- _BRIEF_
Apart from the images, the records below need to be copied exactly.

[Records from a dataset]
════════════════
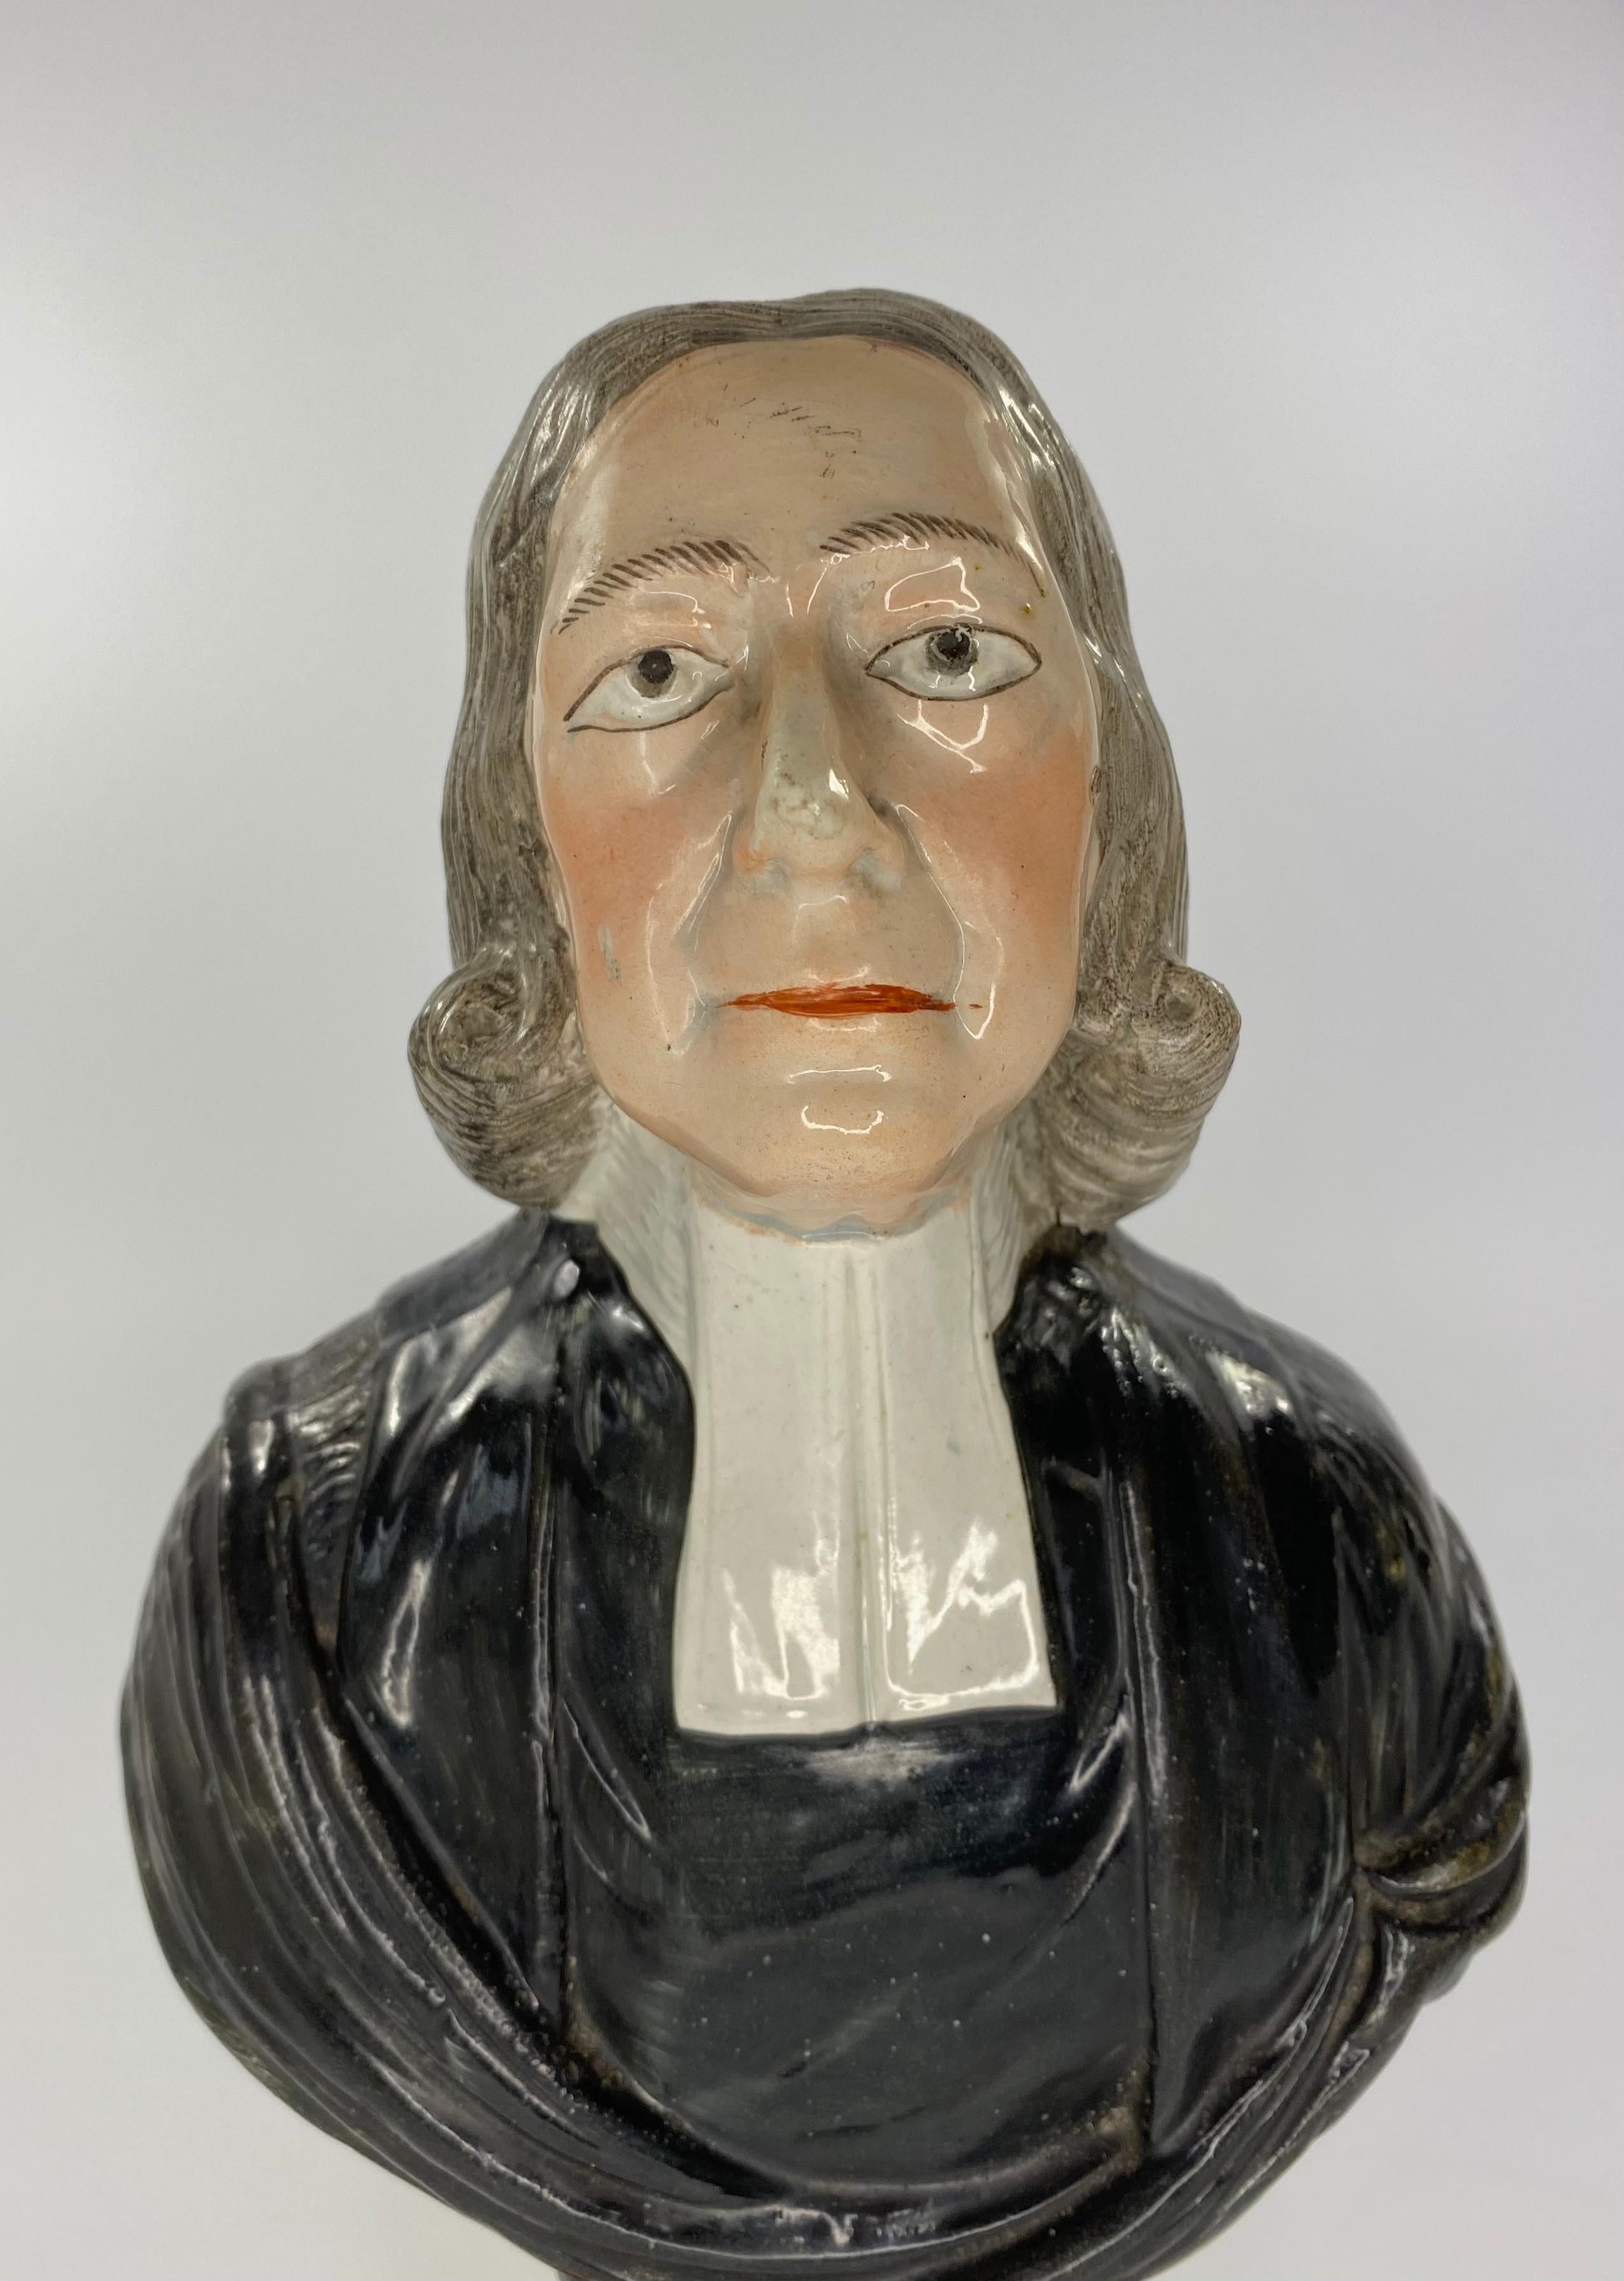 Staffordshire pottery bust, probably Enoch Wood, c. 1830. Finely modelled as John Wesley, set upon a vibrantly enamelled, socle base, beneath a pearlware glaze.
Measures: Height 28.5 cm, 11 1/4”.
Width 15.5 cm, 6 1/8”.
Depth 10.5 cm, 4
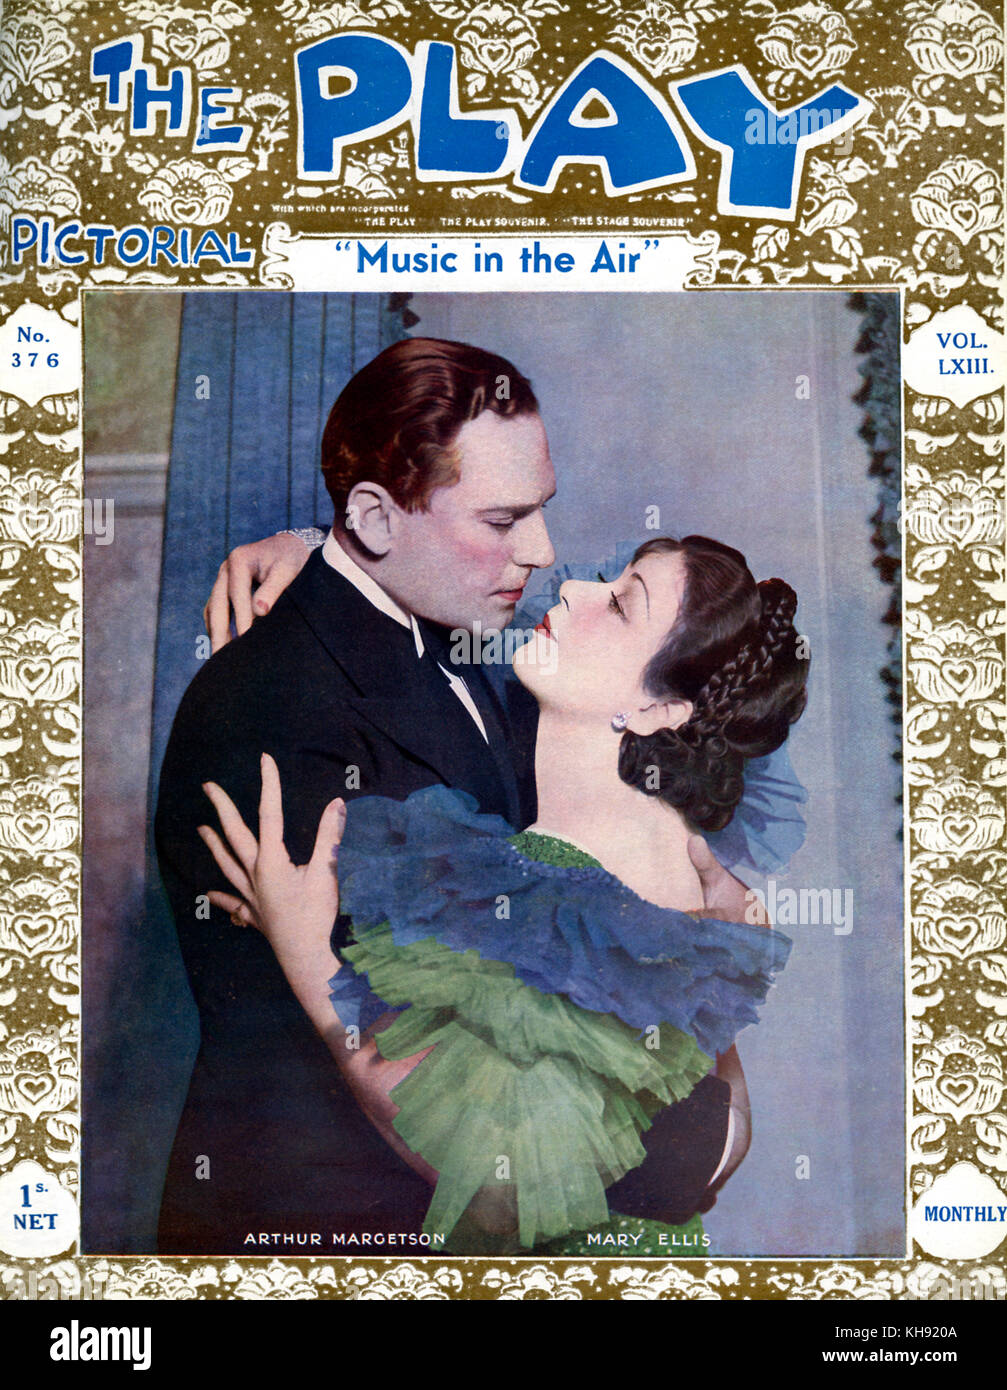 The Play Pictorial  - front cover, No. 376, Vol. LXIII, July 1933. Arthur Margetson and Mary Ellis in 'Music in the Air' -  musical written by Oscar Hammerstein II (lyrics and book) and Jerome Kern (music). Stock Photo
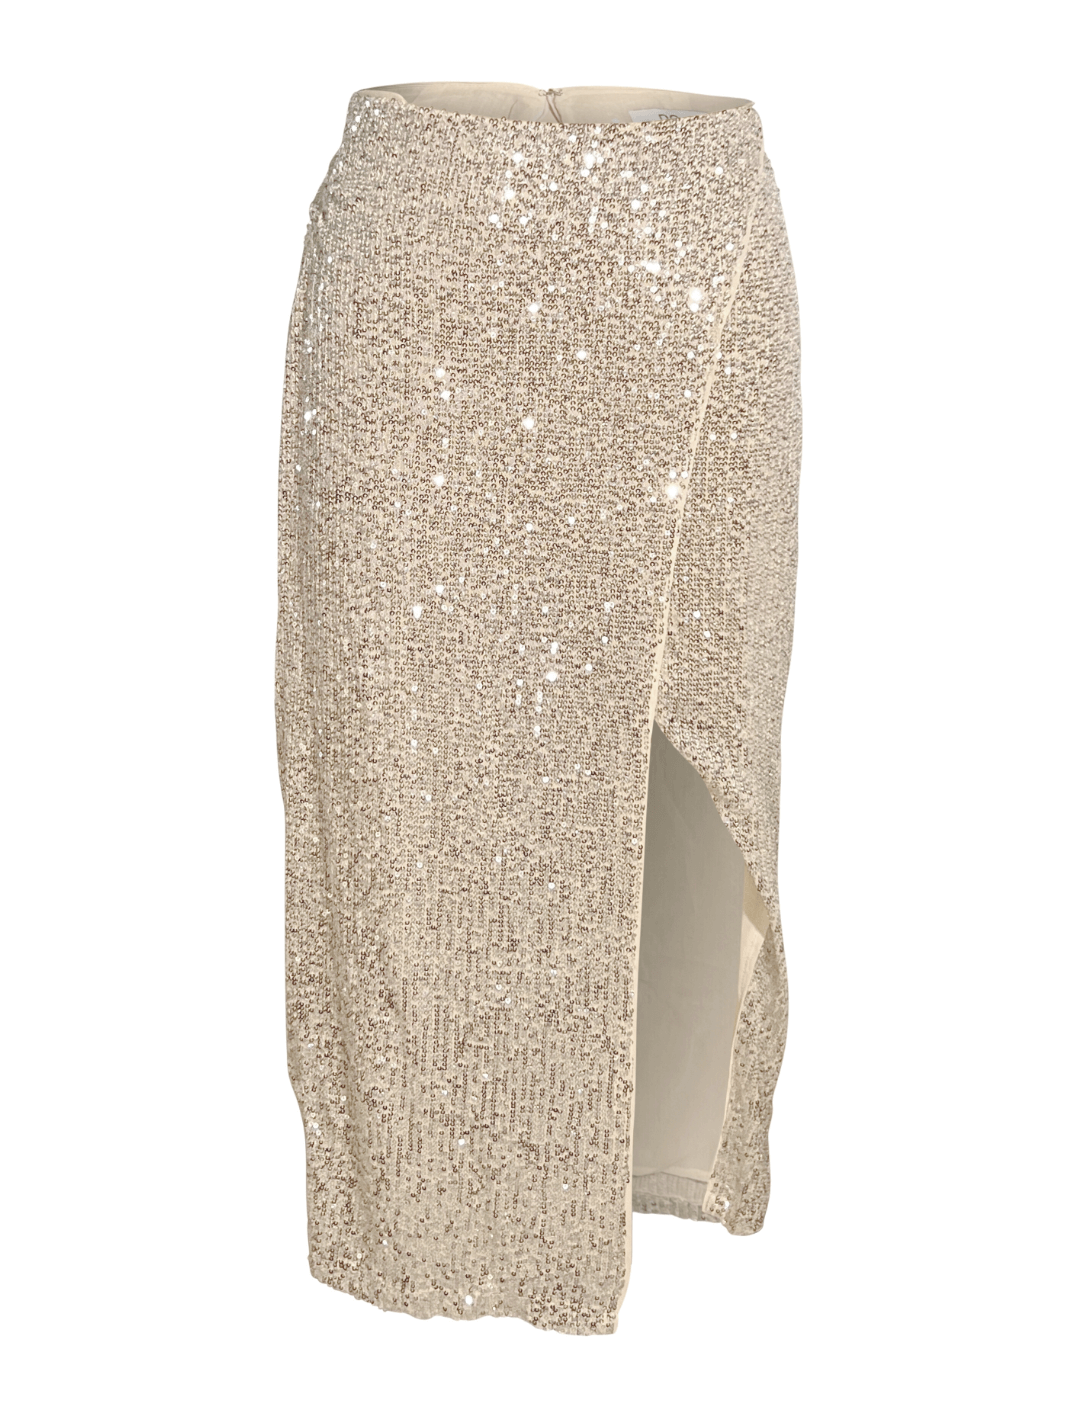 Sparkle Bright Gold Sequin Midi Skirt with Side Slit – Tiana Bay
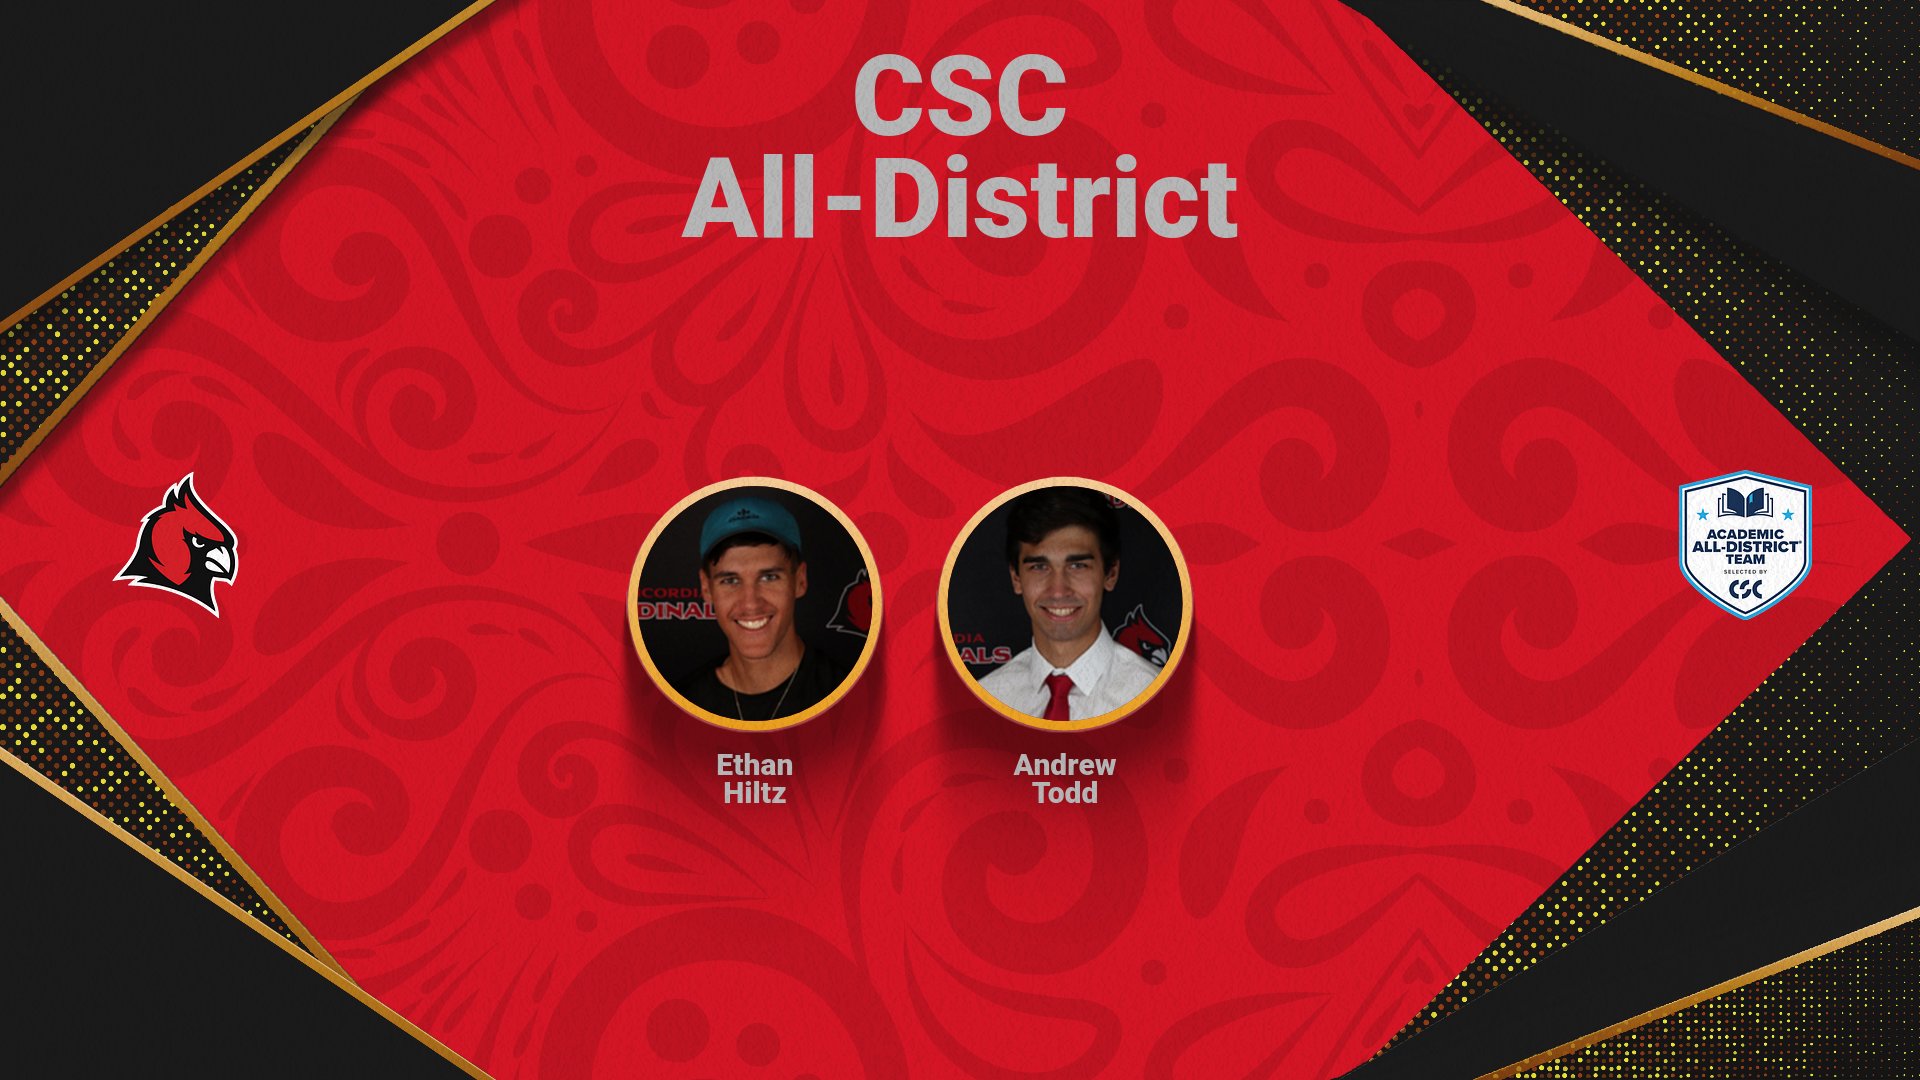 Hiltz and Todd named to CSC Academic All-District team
════════════════
- _WRITTEN REPLY_
 Staffordshire pottery bust, probably Enoch Wood, c. 1830. Finely modelled as John Wesley, set upon a vibrantly enamelled, socle base, beneath a pearlware glaze.
Measures: Height 28.5 cm, 11 1/4”.
Width 15.5 cm, 6 1/8”.
Depth 10.5 cm, 4
 The Play Pictorial  - front cover, No. 376, Vol. LXIII, July 1933. Arthur Margetson and Mary Ellis in 'Music in the Air' -  musical written by Oscar Hammerstein II (lyrics and book) and Jerome Kern (music). Stock Photo
 Sparkle Bright Gold Sequin Midi Skirt with Side Slit – Tiana Bay
 Hiltz and Todd named to CSC Academic All-District team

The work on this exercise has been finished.